了解了cheerio后,我突发奇想:干脆拿cheerio实现个书签的导入吧,正好可以熟悉一下它的用法,于是早些时候我使用cheerio+node实现了初版的书签导入功能,将浏览器导出的书签通过前端页面上传到服务端,服务端使用cheerio将html解析成JSON文件,通过接口将数据传递到前端。
然而,当时我并不满意,因为就为了一个接口开了一个node服务,是不是有点大材小用了,我能否靠本地缓存实现一个纯前端的书签预览和导入导出功能?

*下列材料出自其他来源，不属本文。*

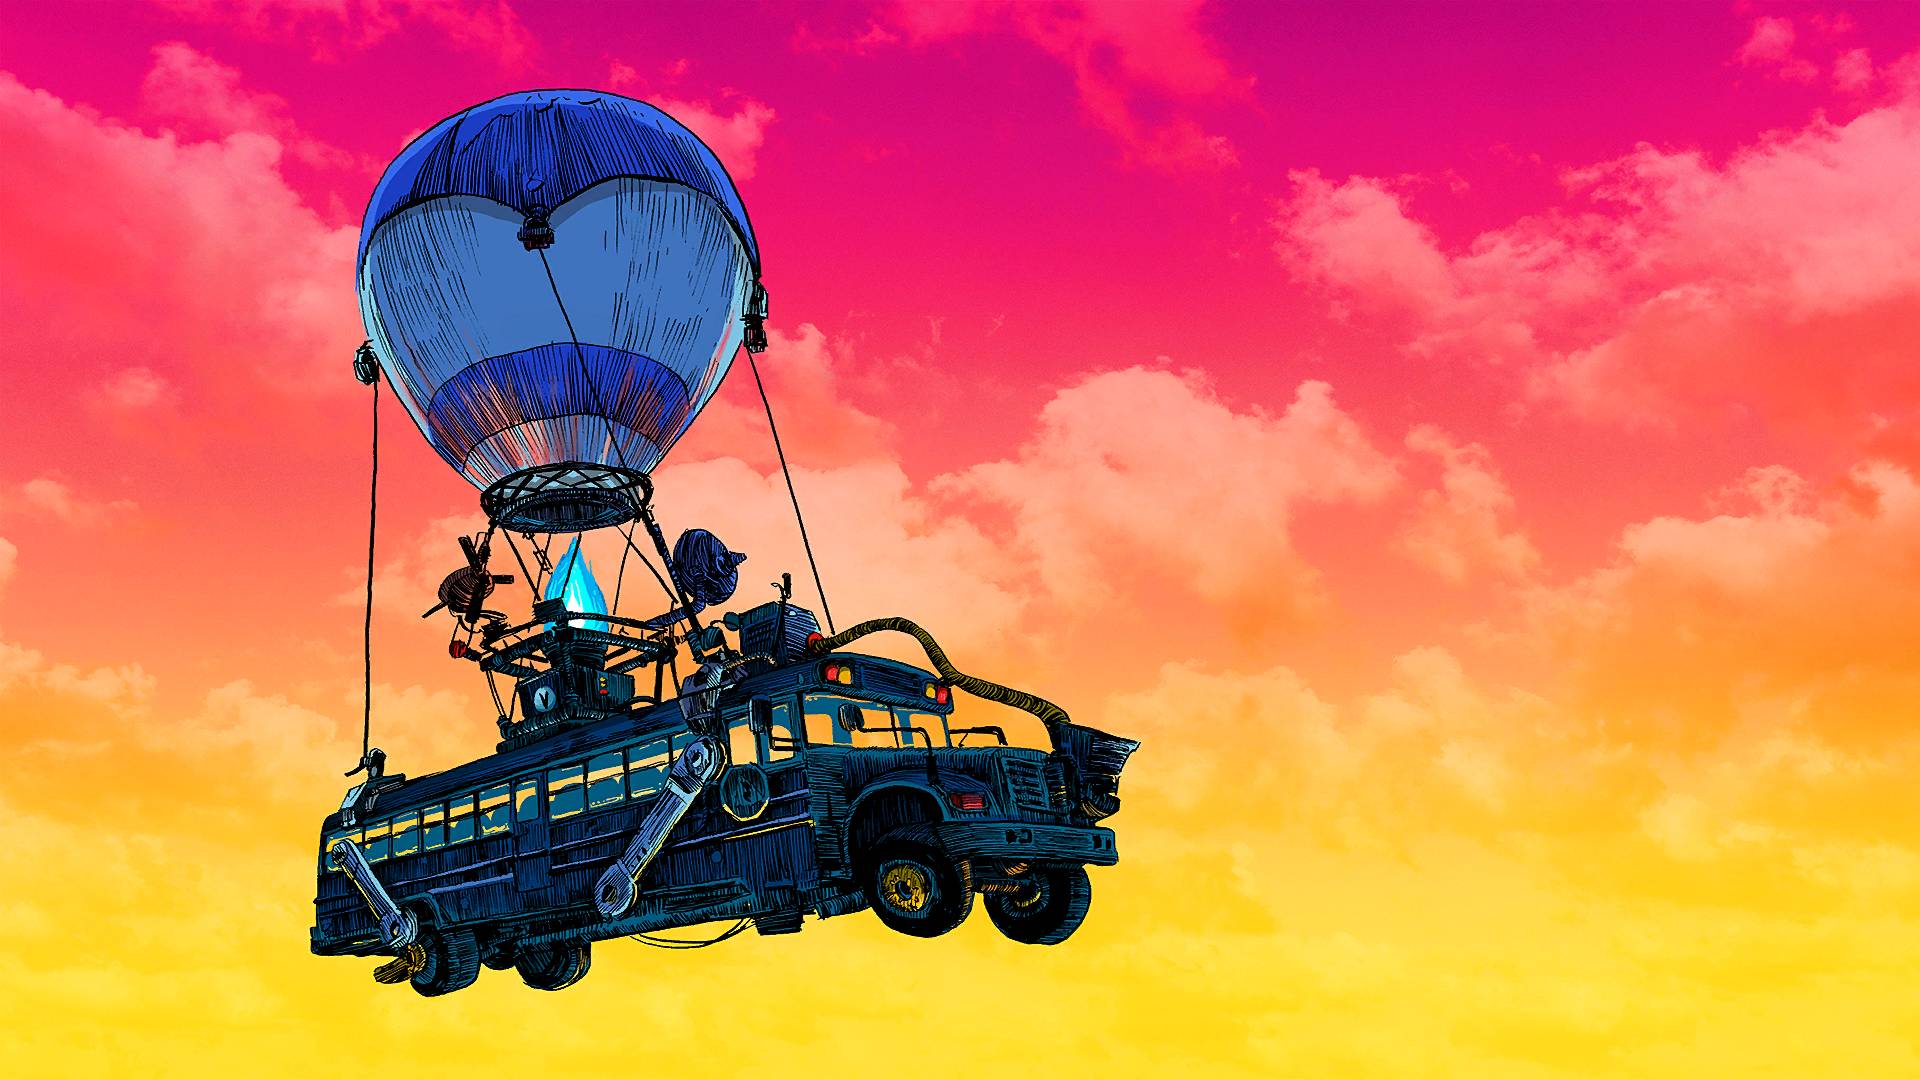 A hot air balloon is being pulled by an old truck - Fortnite

说干就干,导入书签我借助前端的FileReader类,读取HTML文件,然后再使用cheerio将Dom解析成JSON格式的数据,在前端展示成menu形式;导出书签同样使用cheerio根据JSON数据生成对应的Dom数据,通过URL.createObjectURL新建文件的本地url地址,最后使用a标签下载文件
下面我分享一下完整的实现过程及源码
依赖
-
cheerio模块
-
vite:3.1
-
vue:3.2
-
element-plus:2.0
概览
这个小案例是基于vite搭建的一个vue-3.0的项目,除了layout之外,案例的核心部分是两个类:
FileSystem和HTMLSystem,前者提供下载,文件读取的功能,后者实现了JSON和HTML互转的功能,除此之外其他的都是常见的布局及组件,所以文章重点描述这两大块
功能实现
FileSystem:
- 读取文件功能,从element-ui的el-upload组件获取到数据后将结果转换成string格式
- 下载文件功能,给定url下载静态资源
- 本地文件转静态地址
import type { UploadFile } from "element-plus/es/components/upload/src/upload.type";
import { defer } from "utils-lib-js";
export type readFileType = 'readAsArrayBuffer' | 'readAsBinaryString' | 'readAsDataURL' | 'readAsText'
export declare interface IFileSystem {
readFile: (file: UploadFile, type?: readFileType, encoding?: string) => Promise<ProgressEvent<FileReader>>
downloadFile: (url: string, name?: string) => void
stringToBlobURL: (fileString: string) => string
}
export class FileSystem implements IFileSystem {
/**
* @name:
* @description: 读取前端上传的文件
* @param {UploadFile} file 文件
* @param {readFileType} type 文件类型
* @param {string} encoding 解码方式
* @return {Promise<ProgressEvent<FileReader>>}
*/
readFile(file: UploadFile, type: readFileType = 'readAsText', encoding: string = 'utf-8') {
const { promise, resolve, reject } = defer()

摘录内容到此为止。